*Work to complete*. Give back the exact lines of the material below from the one containing "Soul Art School Sign Up Now!" through the one containing "8df483188e9 Sentinel Calvin", and no pictures.

*Excerpted records*.
[Start of Attachment]

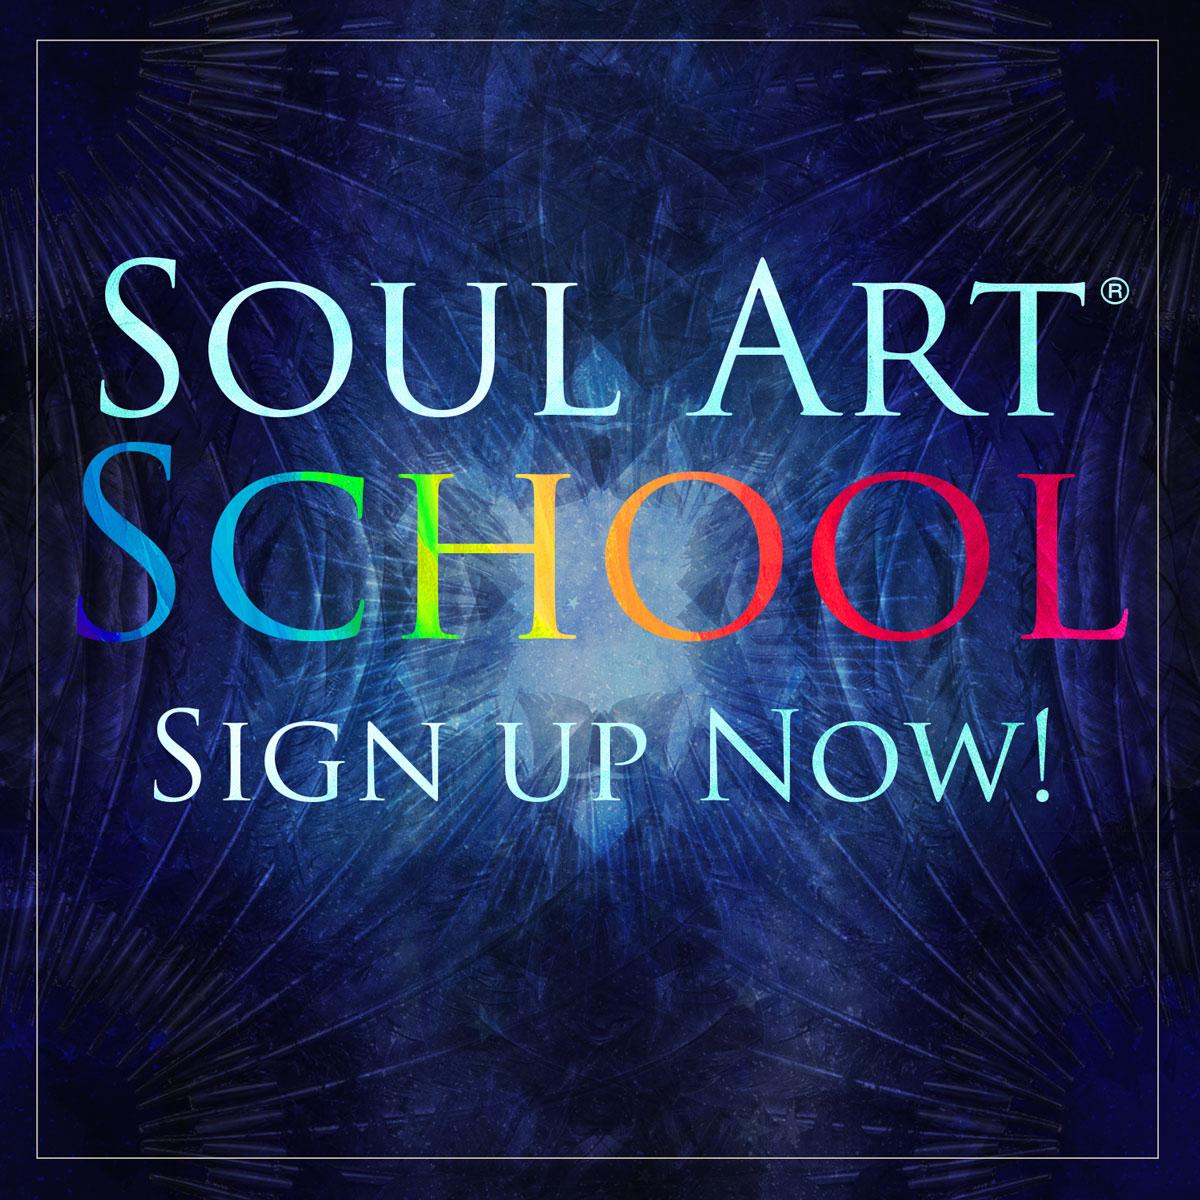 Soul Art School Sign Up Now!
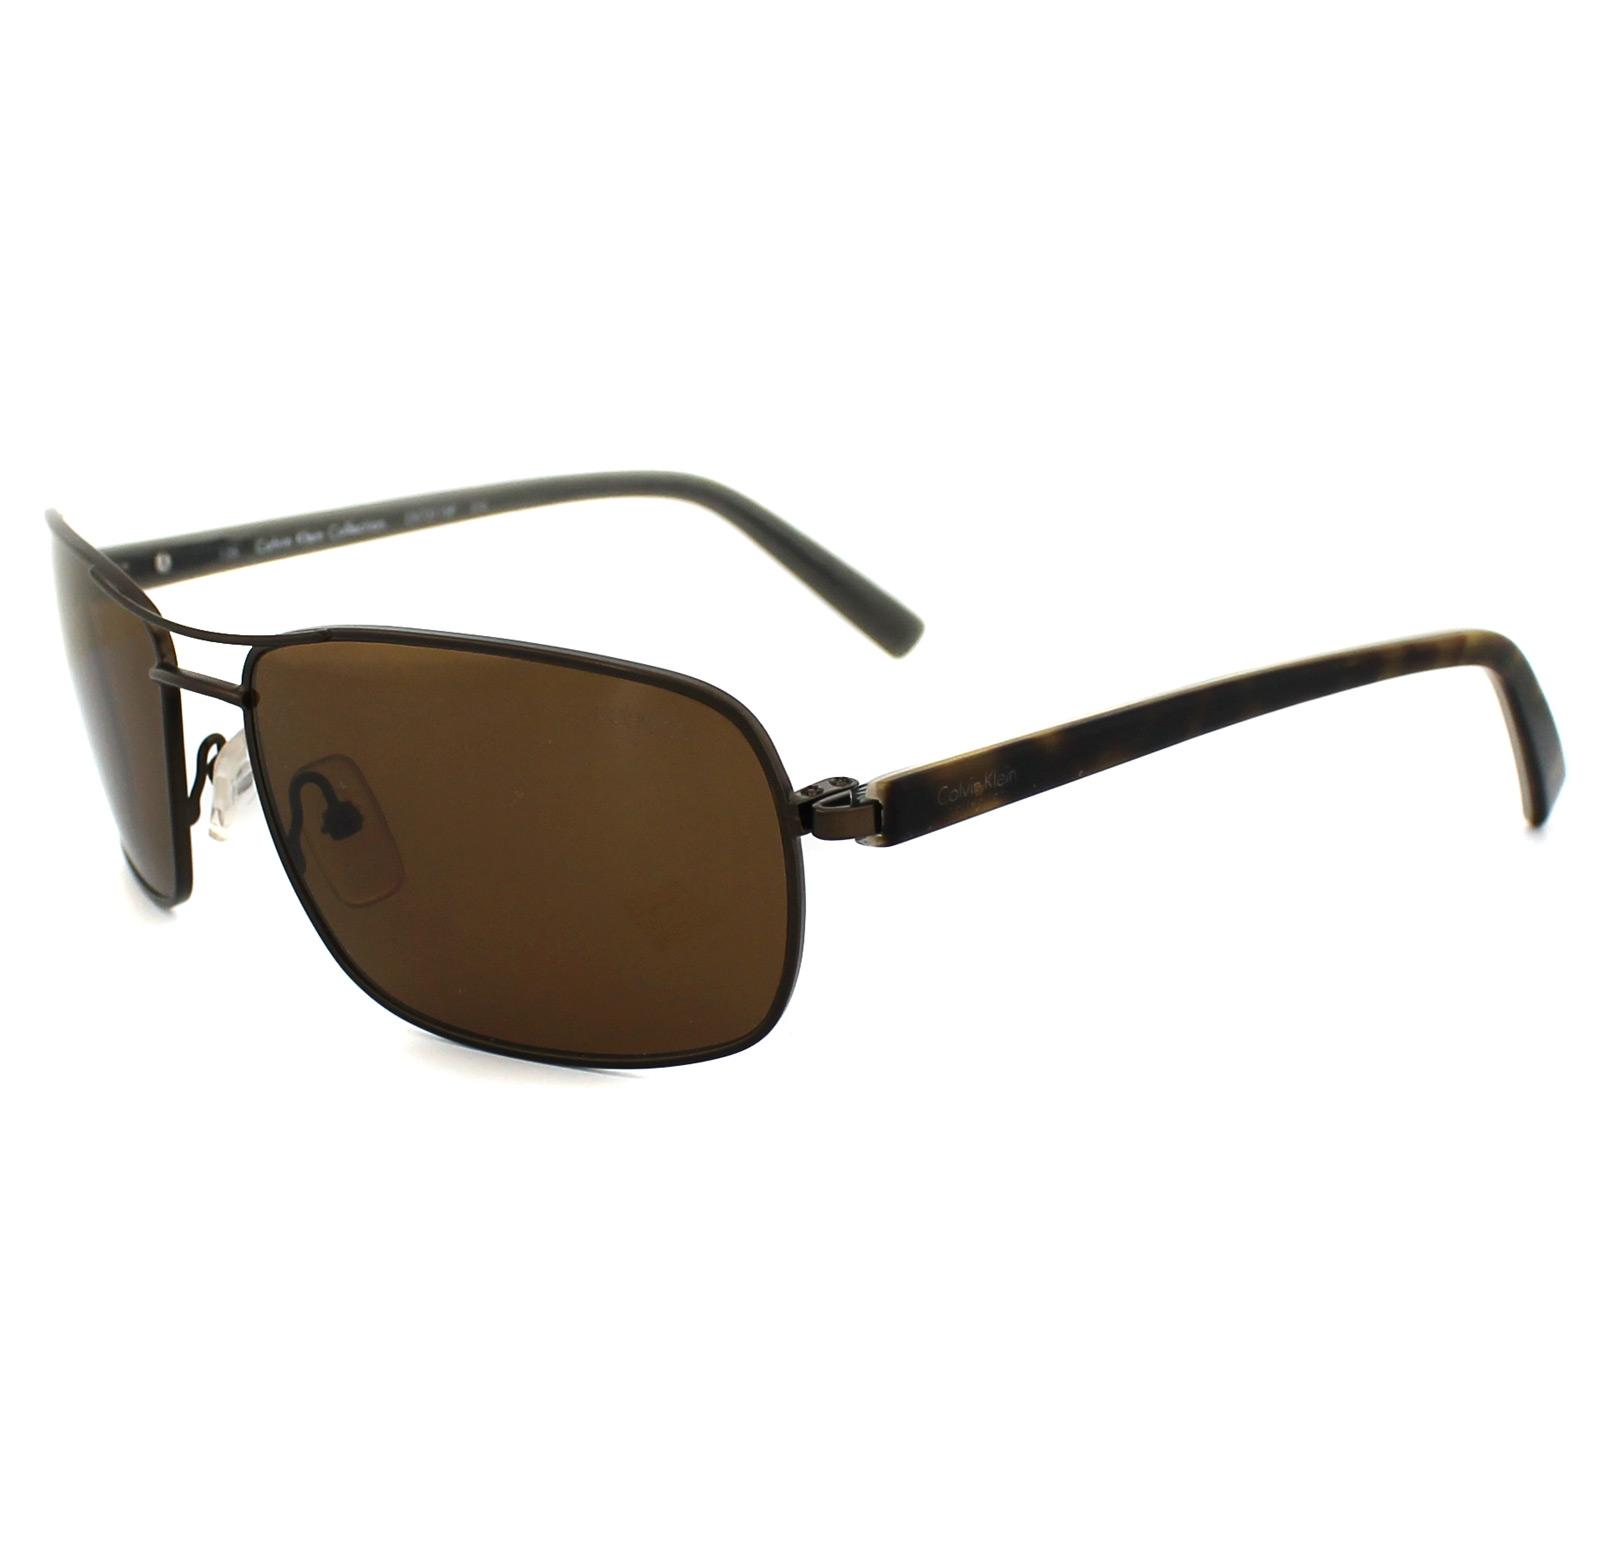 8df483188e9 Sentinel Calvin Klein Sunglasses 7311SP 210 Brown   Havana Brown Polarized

[End of Attachment]
[Start of Attachment]

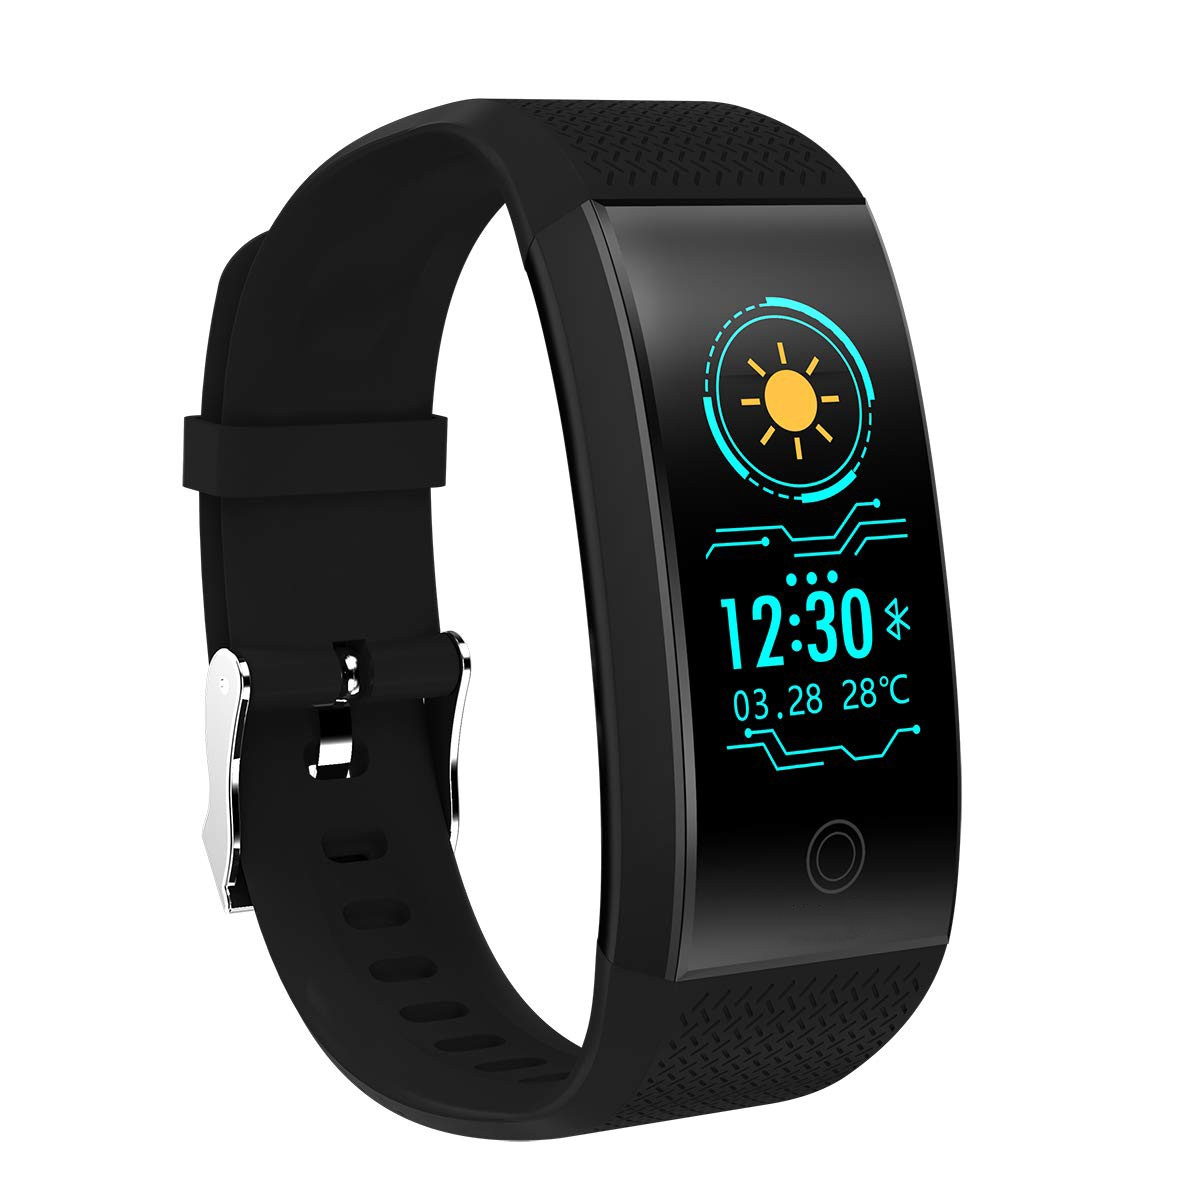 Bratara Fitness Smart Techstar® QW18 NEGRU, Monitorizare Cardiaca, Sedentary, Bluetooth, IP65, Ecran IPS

[End of Attachment]

*Answer space*.
 Soul Art School Sign Up Now!
 8df483188e9 Sentinel Calvin Klein Sunglasses 7311SP 210 Brown   Havana Brown Polarized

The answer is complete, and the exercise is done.